* [RECORDS TO USE]
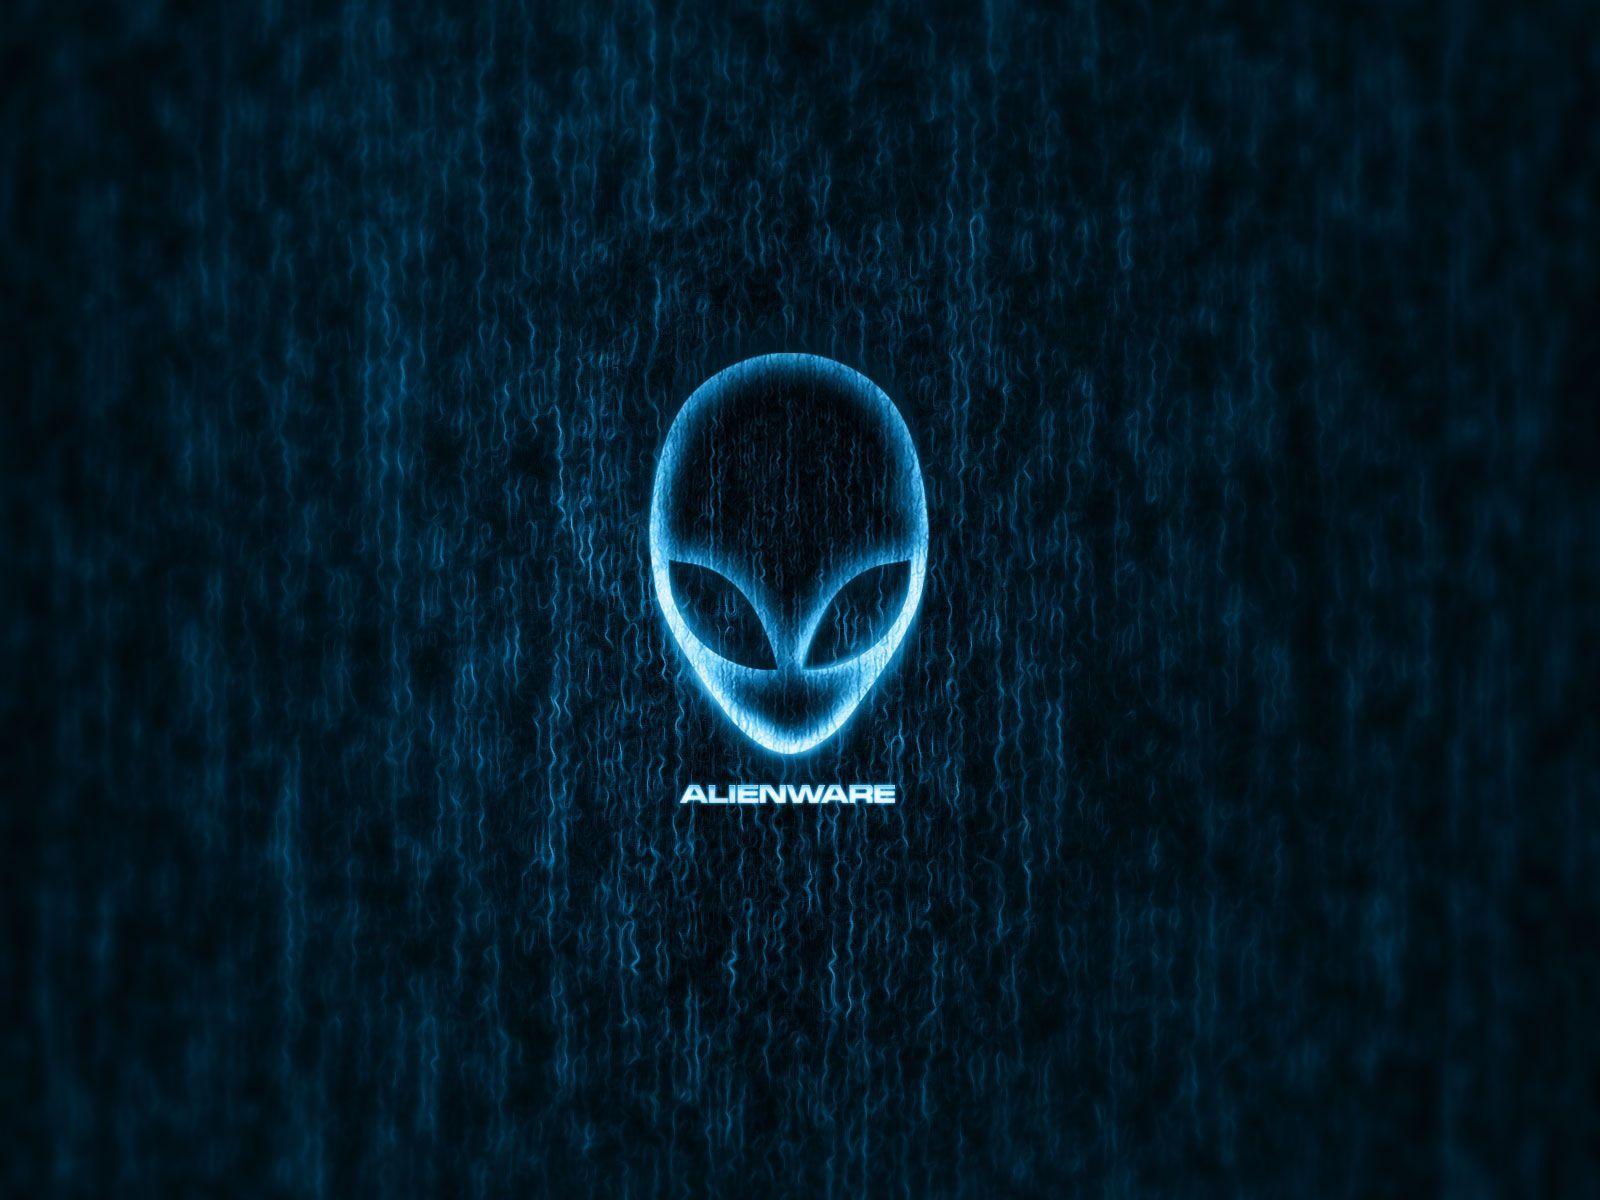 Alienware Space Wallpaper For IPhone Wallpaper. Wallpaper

...

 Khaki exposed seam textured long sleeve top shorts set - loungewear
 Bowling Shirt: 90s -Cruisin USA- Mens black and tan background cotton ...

---

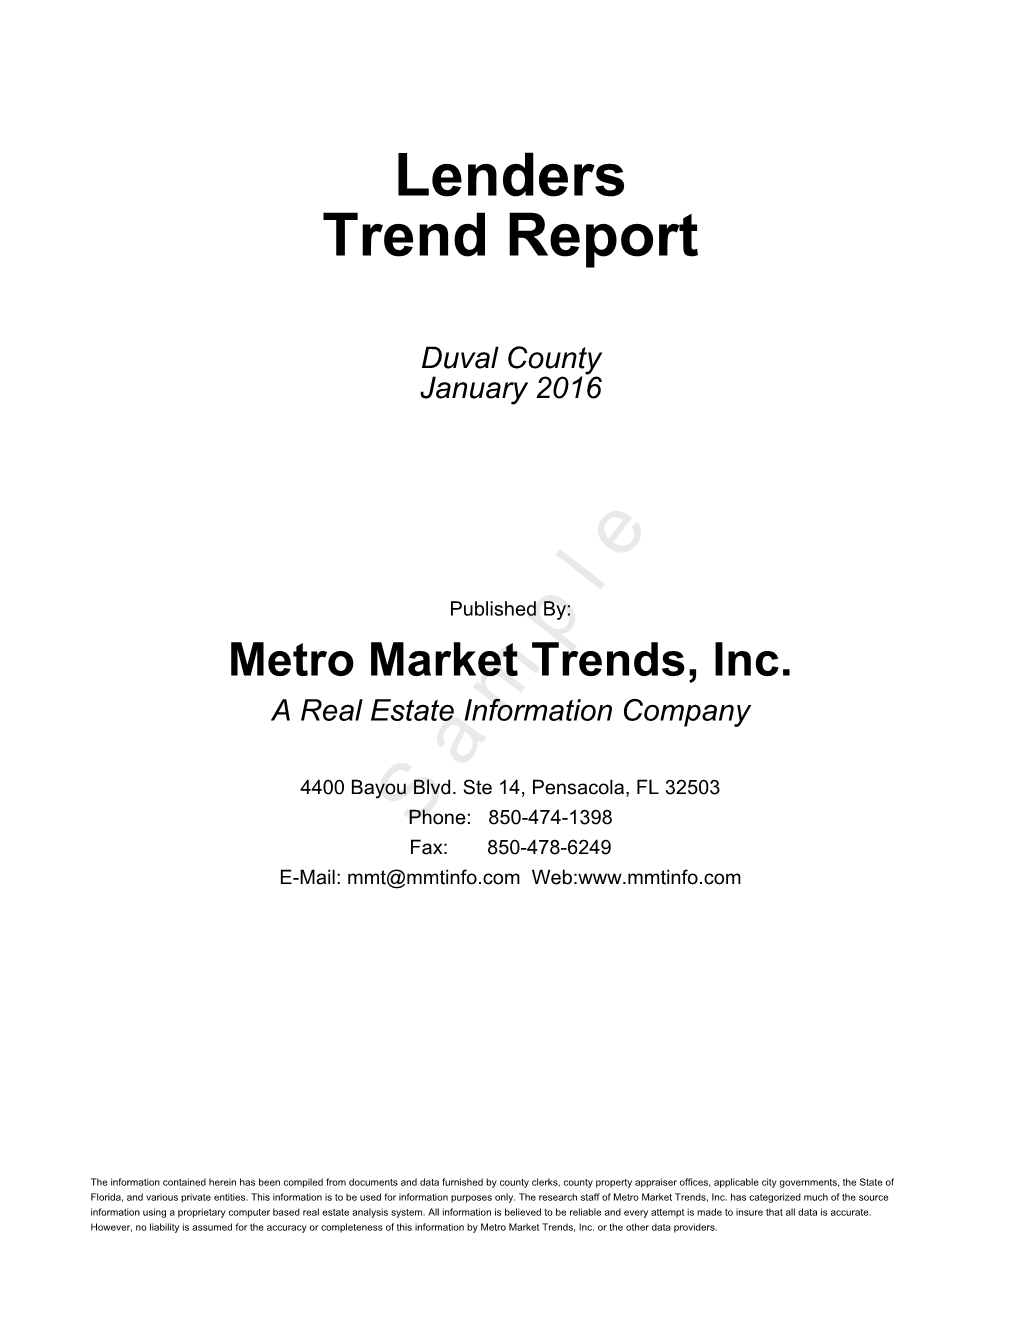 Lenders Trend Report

* [REQUIRED WORK] From the entries above, return exactly the line containing "Khaki exposed seam", the line containing "Bowling Shirt: 90s", and all lines between, and nothing else.

* [EXERCISE OUTPUT]
 Khaki exposed seam textured long sleeve top shorts set - loungewear
 Bowling Shirt: 90s -Cruisin USA- Mens black and tan background cotton ...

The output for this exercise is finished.